Here’s the problem, and it’s a hole you could drive a John Deere S-770 combine (or maybe sail a cruise ship) through. Section six of the proclamation states, "In conjunction with the Department of Public Health pursuant to Iowa Code 29C.18 and 135.35 all peace officers of the state are hereby called upon to assist in the enforcement of the provisions of this Proclamation". So, I ask you who thinks our constables should, can or will be responsible for surveillance at mass gatherings, making sure folks with coughs are screened and excluded, spreading the rest out, encouraging appropriate hand washing and making sure that when six feet is impossible masks are worn? What will be the response to "enforcement" of a crowd of beer drinkers in the stands at a baseball tournament or wine drinkers (more genteel music) or pot smokers (rock and roll) at a concert in a park or at a fair. Do we consider those three venues to be equivalent when evaluating a plan?

If not the cops, then whom? How effective will any "accountability" be when the president is holding a huge indoor rally in Tulsa (over the objections of local public health), is disparaging of both social distancing and mask use and is fudging or cherry picking case counts? For contrast, among Iowa and its border states only Missouri has not cancelled their state fair, and they will apparently maintain only their agricultural exhibits.

The CDC published a scary article in Morbidity and Mortality Weekly Report. Two people with mild COVID-19 attended church events on three days. They infected 35 of 92 attendees, with three subsequent deaths. Those 35 transmitted 26 additional cases in the community with one death. This was a "super spreading" event, the risk for which only increases with larger events. Consider an affair with several hundred thousand attendees over five days. See what keeps us up at night?
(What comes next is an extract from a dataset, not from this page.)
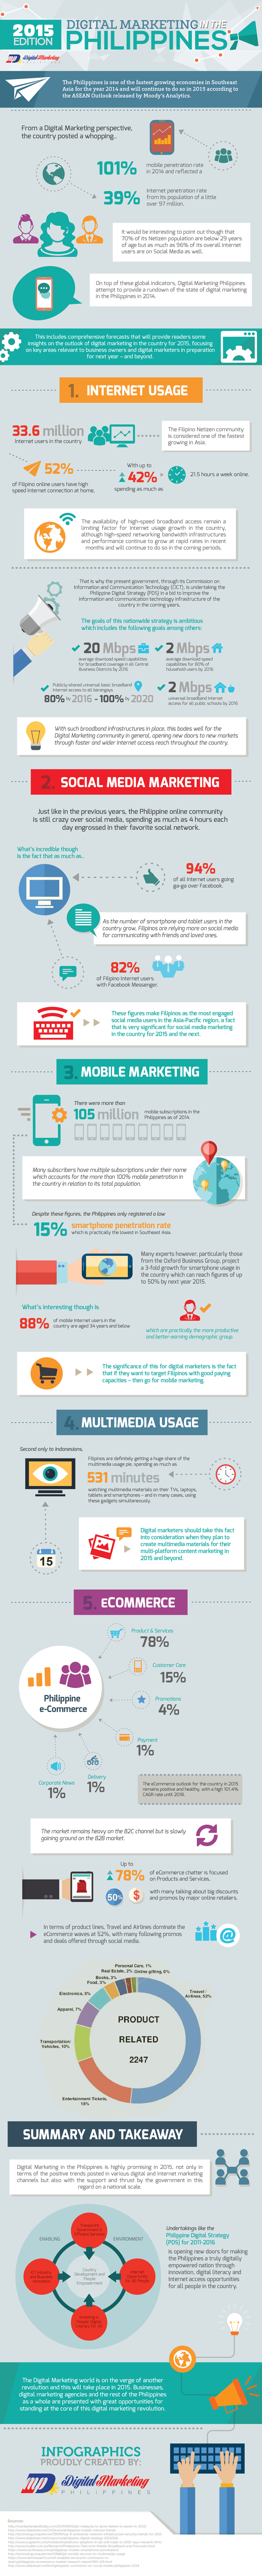 Digital-Marketing-in-the-Philippines---2015-Edition

Are outdoor events different than indoor? The recent mass protests will be informative since we know the risk of transmission outdoors is less than that indoors. Right now I have insufficient understanding and guidance about relative risks to know how to alter safety criteria for outdoor vs. indoor gatherings.

I have reviewed event plans with a number of folks. Without exception they are busting their butts to put reasonable plans on paper. Every bone in my body wants to find a way to reward their efforts but I am failing. Plausible accountability for compliance with safety measures is missing, but not because they don’t "get it". It’s because we don’t have a handle on how to assure it during a pandemic that is politicized and polarized. Without the ability to effectively monitor and assure adherence to public health safety recommendations, it is my opinion that mass gatherings should not go forward.

Reopening has advanced (too fast) across the southern states and sunbelt. COVID-19 cases are climbing — not just test positives found with more testing, but hospital admissions that clearly reflect increasing illness. Our blood center is being asked to share COVID-19 convalescent plasma with our sister centers in Texas.

Moving into summer the compulsion to get out and play will grow. How much should we tempt fate? For what benefit? My priorities right now are to reach fall maintaining our current local control of COVID-19. Our hospitals will stay functional into the flu season and our kids can resume their education. I am going to live without the rest for now — I haven’t gone into a bar yet, much less to a mass gathering. My lovely bride finds it disorienting that I would channel Nancy Reagan, but I will "just say no" to attending any of these events for now. You should too, especially if, like me, you are at increased risk for bad outcomes from COVID-19 or are in contact with someone who is.

Louis M. Katz, MD, is medical director of the Scott County Health Department.